MATERIAL FOR THE TASK:

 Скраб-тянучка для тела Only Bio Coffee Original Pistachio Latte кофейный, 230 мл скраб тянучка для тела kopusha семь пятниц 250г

...

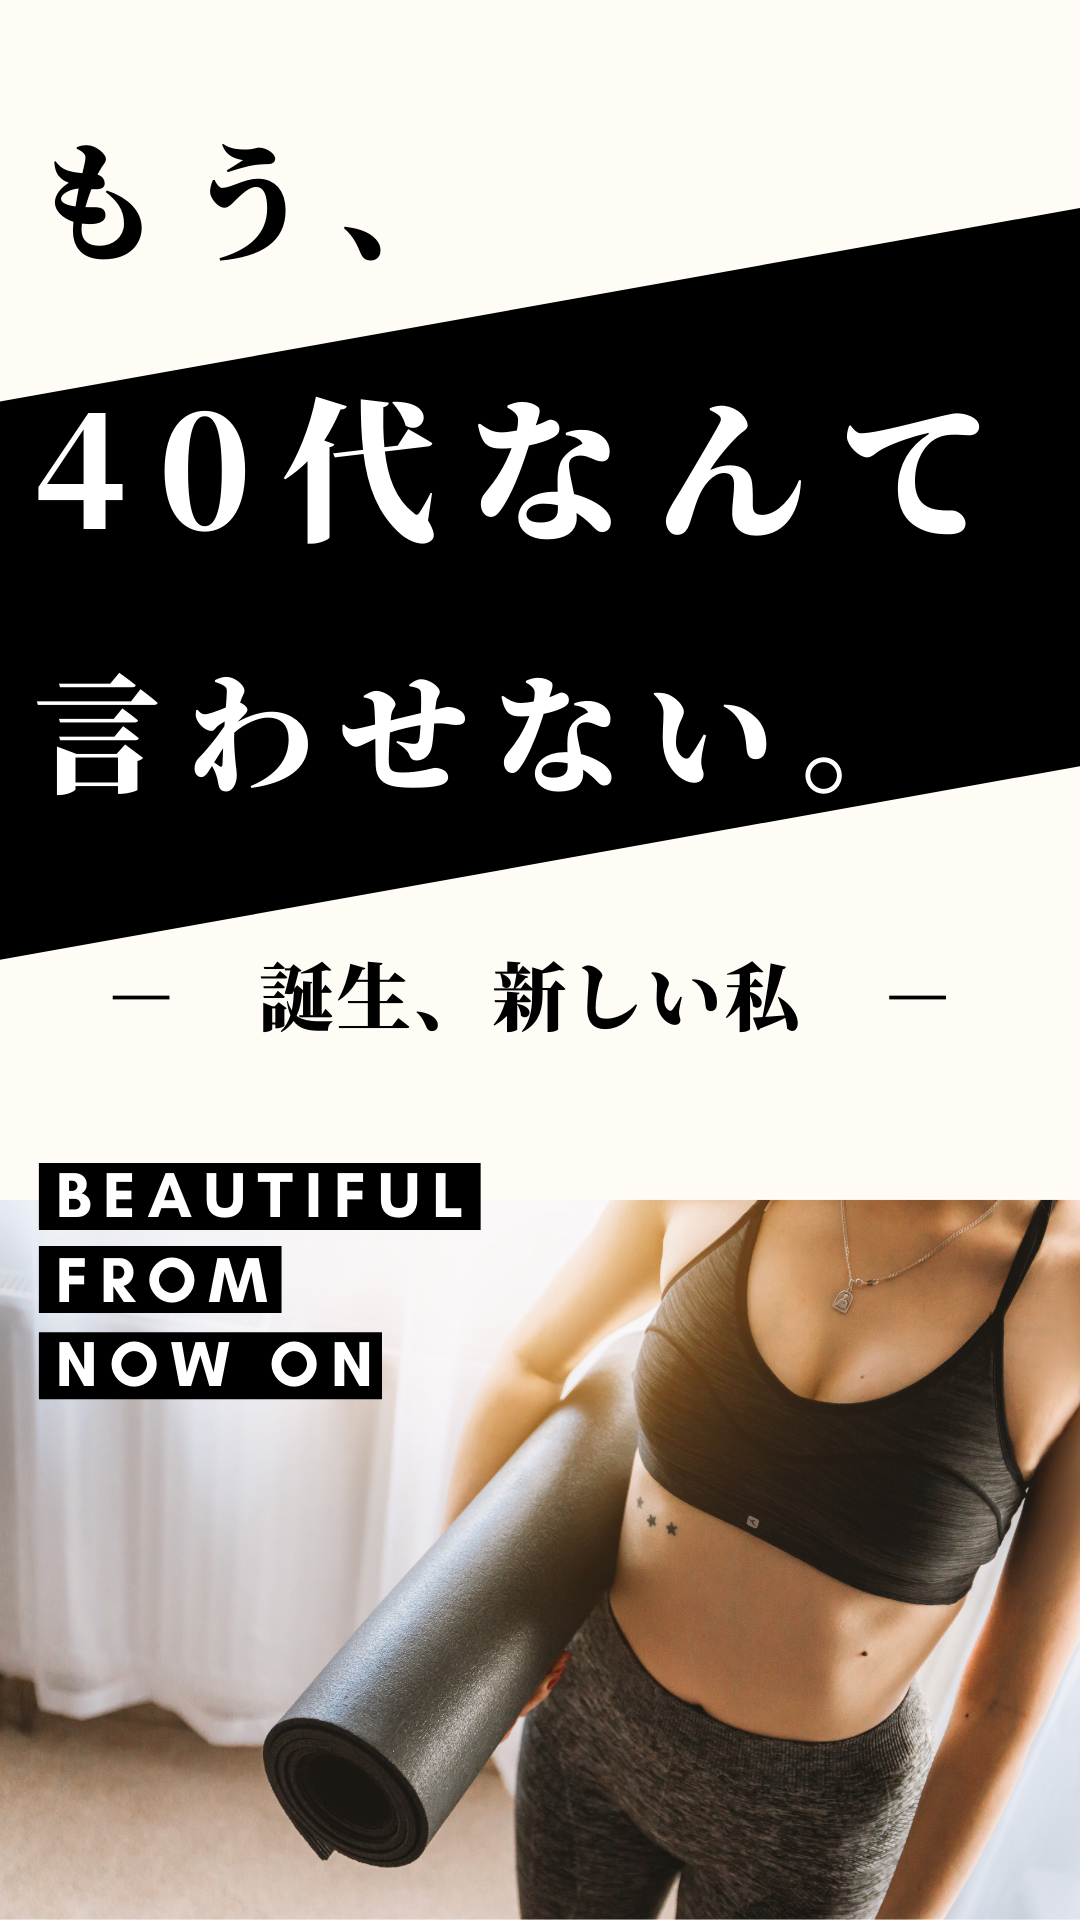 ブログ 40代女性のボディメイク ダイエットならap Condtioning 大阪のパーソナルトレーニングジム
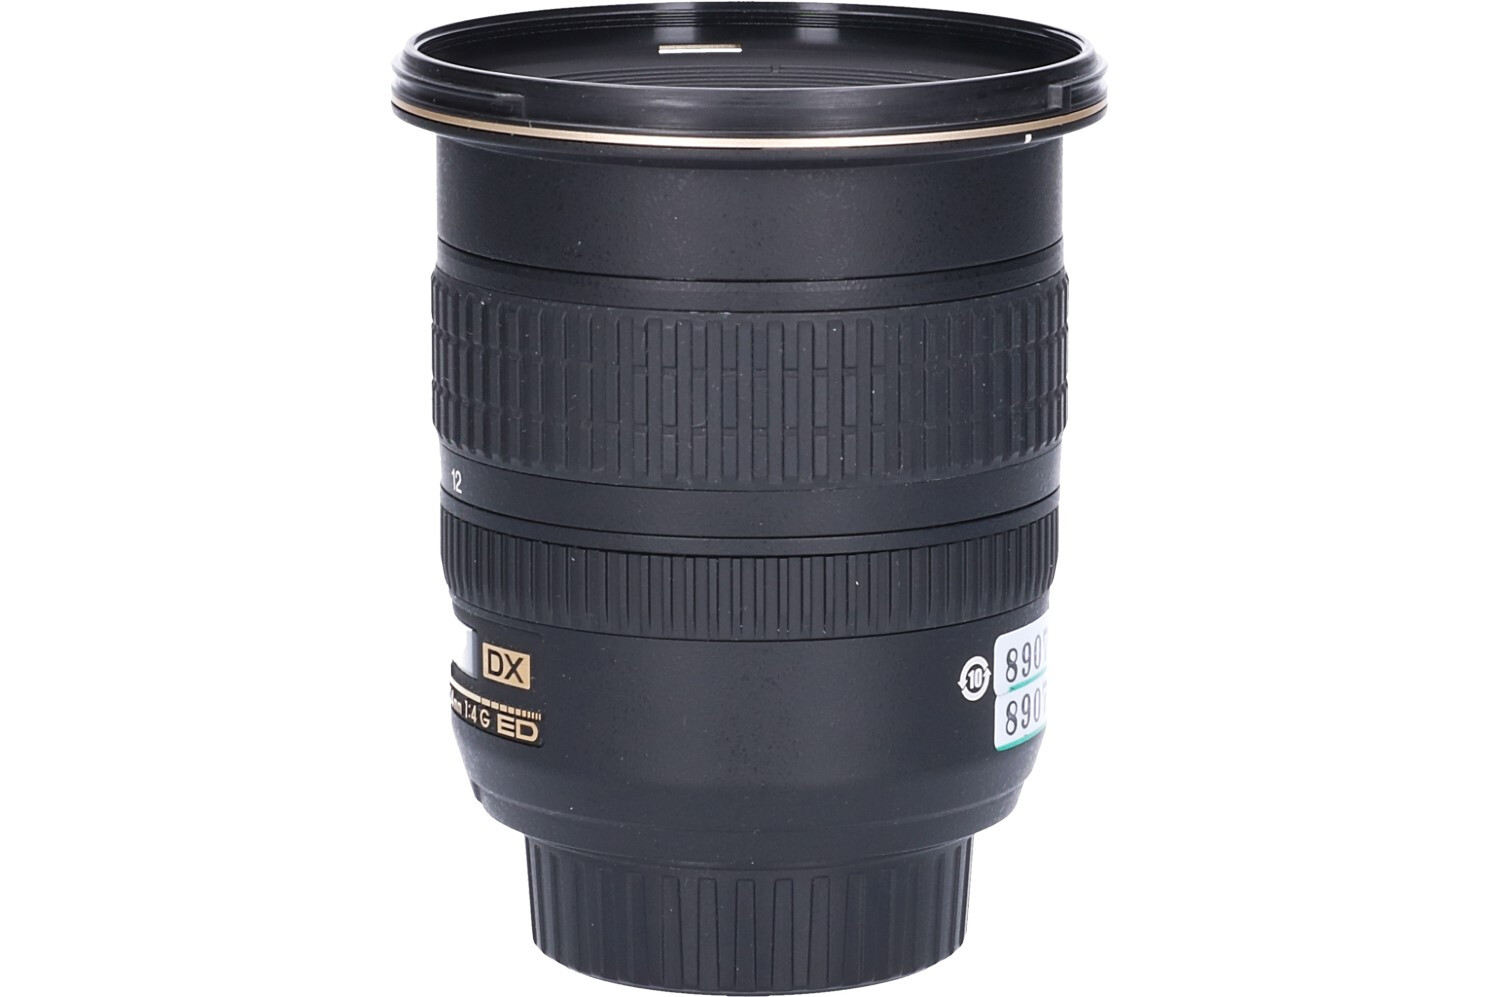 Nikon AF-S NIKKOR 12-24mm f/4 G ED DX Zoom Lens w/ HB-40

==

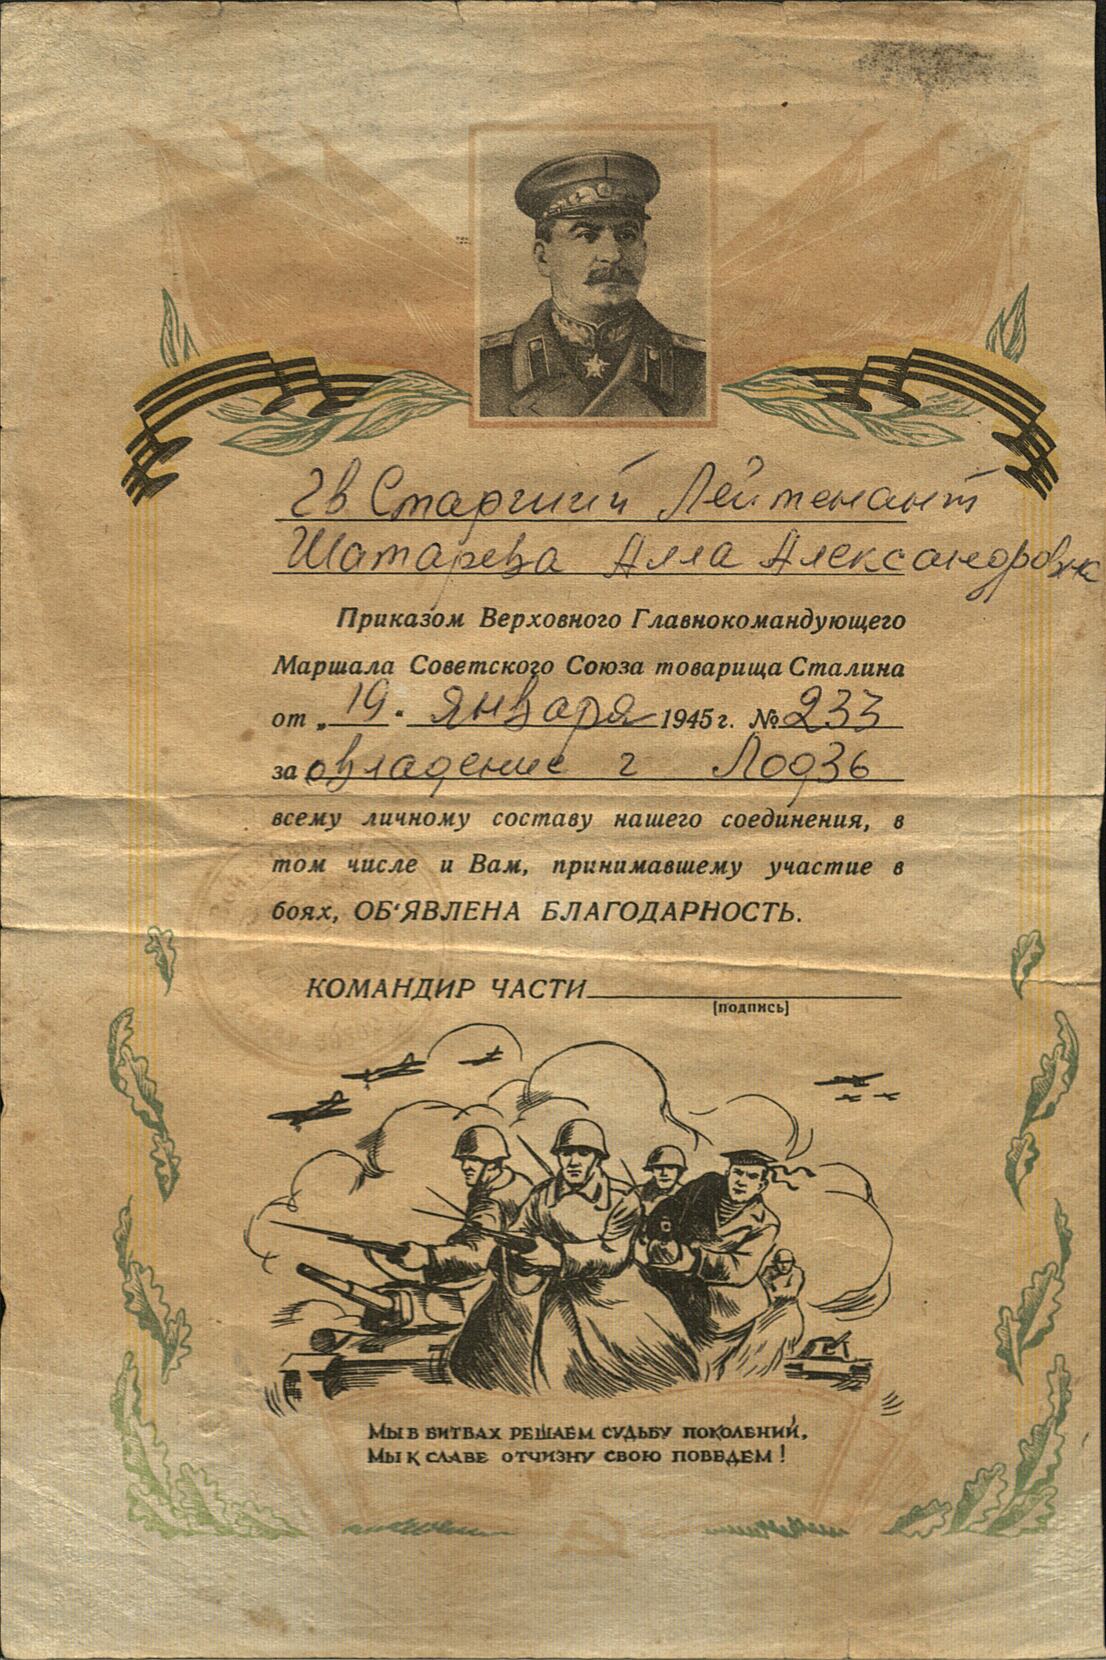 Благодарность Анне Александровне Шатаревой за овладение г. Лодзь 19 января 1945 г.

INSTRUCTIONS TO FOLLOW: Print nothing but the lines above starting with the line that contains "ブログ 40代女性のボディメイク ダイエットならap" and going on through the line that contains "Nikon AF-S NIKKOR". Leave out the pictures.

WRITTEN ANSWER:
 ブログ 40代女性のボディメイク ダイエットならap Condtioning 大阪のパーソナルトレーニングジム
 Nikon AF-S NIKKOR 12-24mm f/4 G ED DX Zoom Lens w/ HB-40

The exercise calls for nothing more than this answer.